Nasihat Menyambut Tahun Baru 2026, Refleksi Iman dan Akhlak Menurut LDII

Headlines Nasehat
Spread the love

LDII JATENG, SEMARANG — Pergantian tahun 2025 menuju 2026 tinggal menghitung hari. Bagi sebagian masyarakat, malam tahun baru identik dengan pesta dan perayaan.

Namun menurut Dewan Penasihat DPP LDII KH Edy Suparto, momen ini sejatinya harus dimaknai sebagai waktu muhasabah diri, bukan sekadar euforia pergantian angka kalender.

Ia mengingatkan bahwa hidup adalah proses menanam amal kebaikan yang kelak dipanen di akhirat. Karena itu, evaluasi yang paling penting bukan hanya capaian duniawi, tetapi juga kualitas iman dan ibadah yang telah dijalani selama setahun terakhir.

Mengapa pergantian tahun perlu dimaknai sebagai muhasabah?

KH Edy Suparto menegaskan, jika seseorang memiliki prinsip keimanan yang kuat, maka malam pergantian tahun tidak berbeda dengan malam lainnya. Tidak ada keharusan untuk begadang, hitung mundur, atau merayakan dengan berbagai tradisi yang tidak memiliki landasan nilai dalam Islam.

Menurutnya, kebiasaan seperti pesta kembang api, meniup terompet, konser musik, hingga euforia berlebihan justru sering melalaikan manusia dari hakikat waktu sebagai amanah dari Allah SWT.

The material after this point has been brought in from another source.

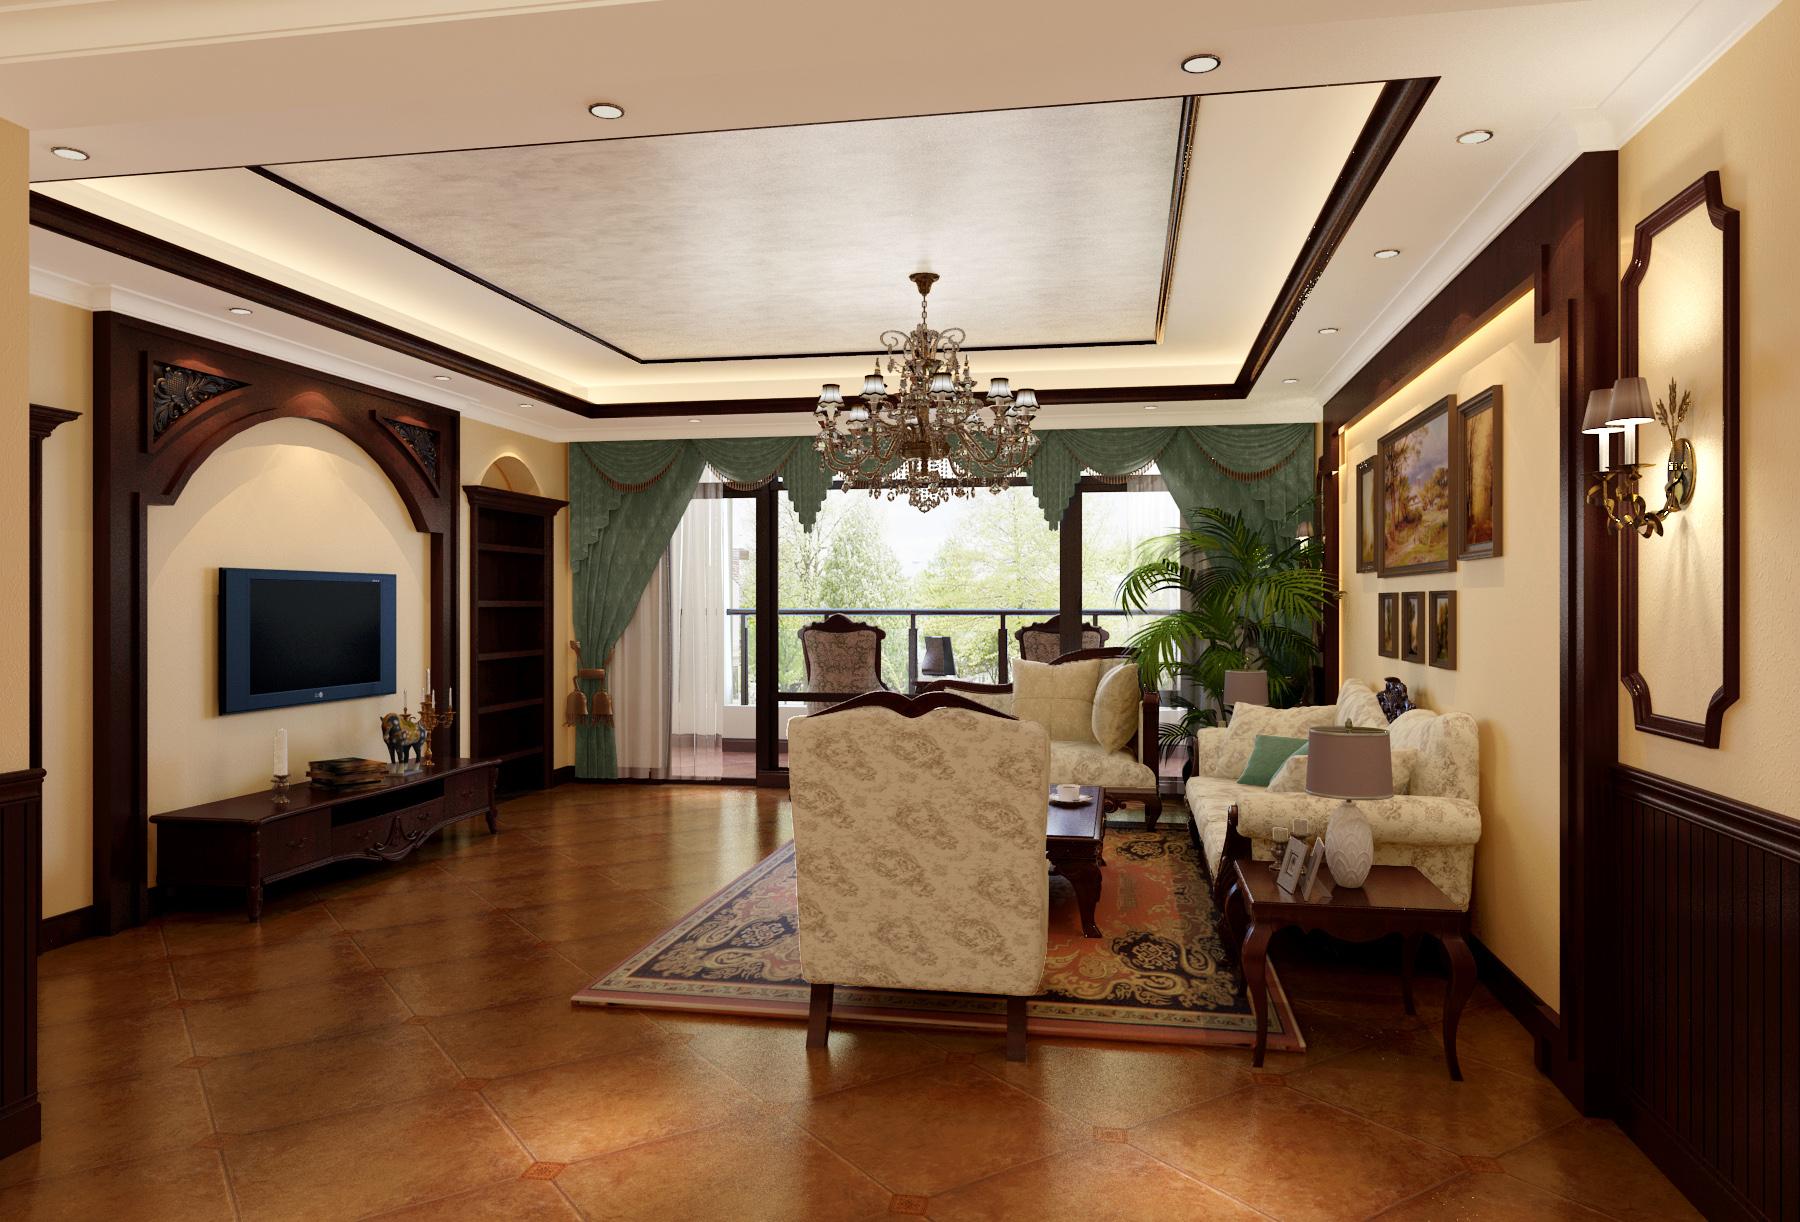 欧式 别墅 客厅图片来自北京今朝装饰刘在玉翠尚府的分享

Apakah perayaan tahun baru berpotensi melahirkan kemaksiatan?

Dalam praktiknya, banyak perayaan tahun baru diwarnai perilaku yang menjurus pada kemaksiatan. KH Edy Suparto menilai, pesta pora, minuman keras, joget, bahkan pergaulan bebas kerap terjadi karena lemahnya kontrol diri dan pengaruh lingkungan.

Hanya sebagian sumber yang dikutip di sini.